We use the principle of utilization to take whatever the client brings into the room and turn it into a tool for change. If a client is stubborn, you do not try to make them flexible. You use their stubbornness to help them stubbornly refuse to give in to their symptoms. If a client is suspicious, you do not try to build trust. You ask them to be suspicious of the very thoughts that tell them they are a failure. You must frame the resistance as a strength that is currently being applied to the wrong object.

I once saw a young man who refused to speak during his first three sessions. He sat in the chair and stared at the wall. Rather than trying to coax him into conversation, I began to praise his capacity for self-restraint. I told him that most people talk far too much and reveal their weaknesses too early. I instructed him to continue his silence for the next two sessions to ensure that I was actually a person he could trust with his words. I made the silence my idea rather than his. In the fourth session, he began to speak because remaining silent would have meant following my instructions, and his goal was to remain independent of my control.

You will find that the yes but client is often involved in a power struggle within their own family.
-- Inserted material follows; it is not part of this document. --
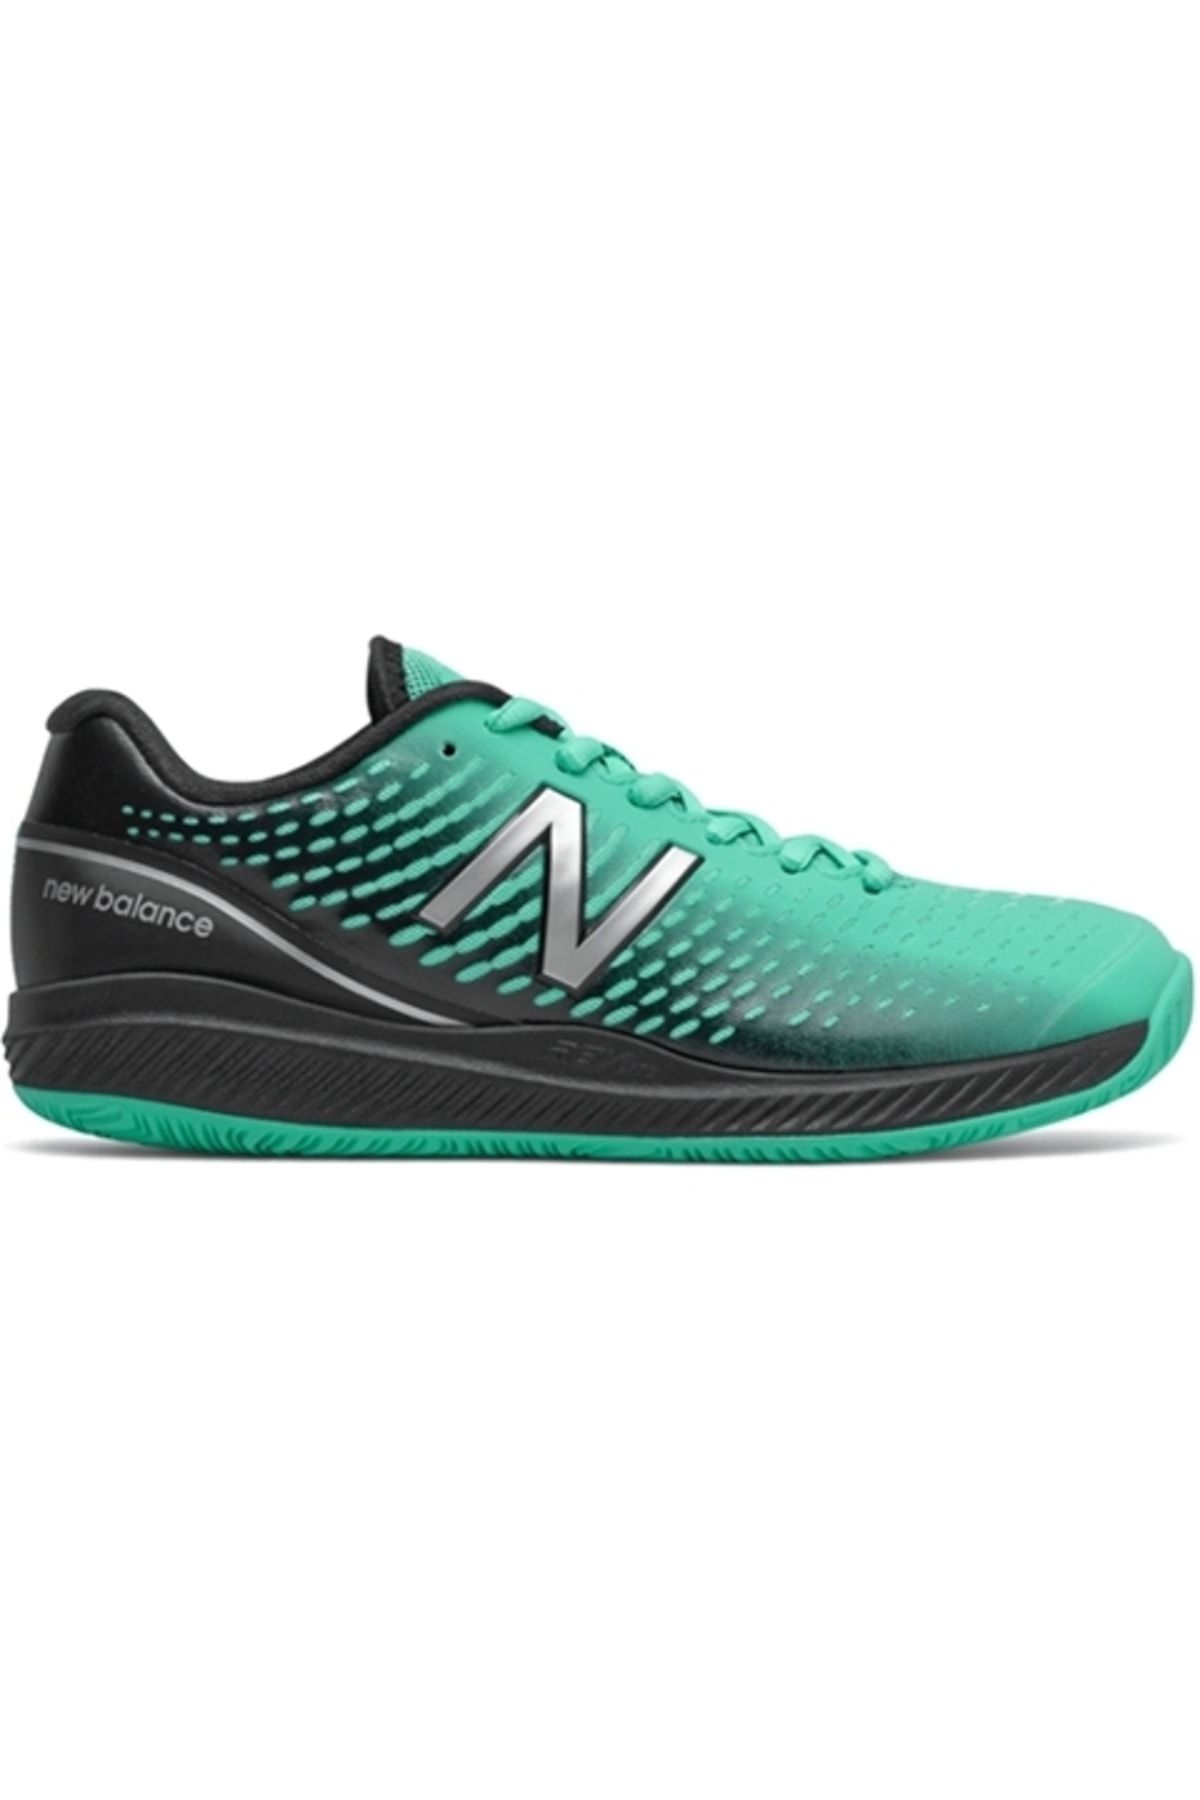 New Balance 796v2 Yeşil Kadın Tenis Ayakkabısı - Wch796r2

Their symptom is a way of communicating something to a spouse or a parent that they cannot say directly. We look at the function of the behavior rather than the content of the words. If a wife says yes but to every suggestion about how to improve her marriage, she may be protecting a secret belief that the marriage is already over, or she may be trying to show her husband that no one, not even a professional, can help him deal with her.
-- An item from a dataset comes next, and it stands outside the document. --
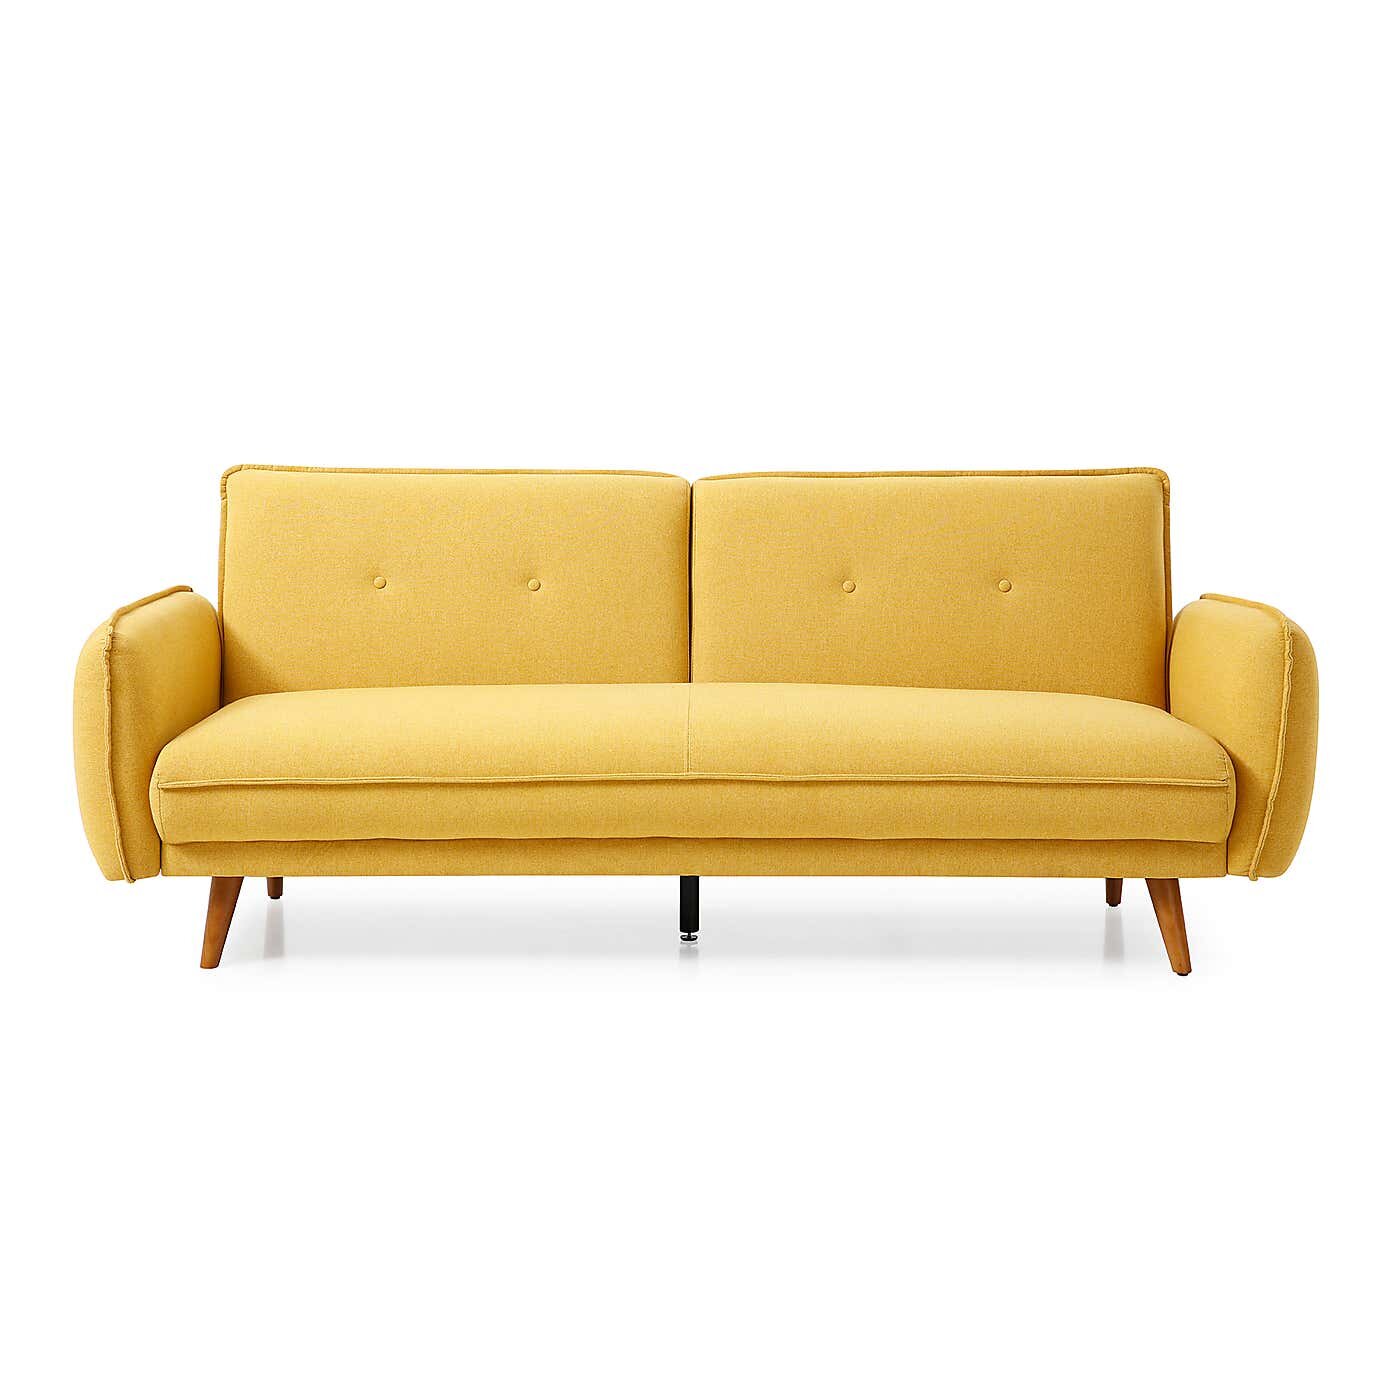 Sofa pictures. Диван Примавера Mustard. Yellow Sofa. Кэт софа желтые. Grimhult Yellow Sofa.

I worked with a couple where the husband complained that his wife was constantly nagging him to fix the house. The wife agreed she nagged but said she had no choice because he was so lazy. Every time I suggested a chore chart, the husband said he was too busy and the wife said he would just lose the chart anyway. I stopped suggesting ways to get the work done. I told them that the house was clearly in a state of transition and that fixing it too quickly might cause a shock to their marriage. I instructed them to pick one room and deliberately make it even more cluttered over the next week. I told them they needed to see if their relationship could survive a complete lack of order before they tried to impose a new one. They returned the following week having cleaned the entire kitchen together. They did this to prove that I did not understand their marriage, which was exactly the outcome I intended.

You must be careful with the timing of these paradoxical interventions. If you offer a paradox too early, the client will feel mocked. If you offer it too late, you have already wasted the tension required to make it work. We wait until the client has rejected at least three or four direct suggestions. This establishes the pattern of the yes but and makes your eventual agreement with their failure feel like a natural conclusion.

You say to the client: I have been thinking about your situation and I realized I was wrong to suggest those changes. Your objections are actually more valid than my solutions. I do not think you should try to change right now. In fact, I think it would be dangerous for you to move any faster than you already are. This is the go slow directive. It is the most powerful tool for a practitioner dealing with a client who is stuck in a cycle of failed attempts.

I used this with a man who had been trying to quit a gambling habit for ten years. Every time he stayed away from the casino for a week, he would celebrate by going back. I told him that he was not ready to be a non-smoker or a non-gambler. I told him that his identity was so tied to being a gambler that if he stopped, he would not know who he was when he looked in the mirror. I told him to go to the casino the following Tuesday, sit in the parking lot for two hours, and think about how much he would miss the excitement if he ever truly quit. He found the exercise so depressing that he drove home after twenty minutes.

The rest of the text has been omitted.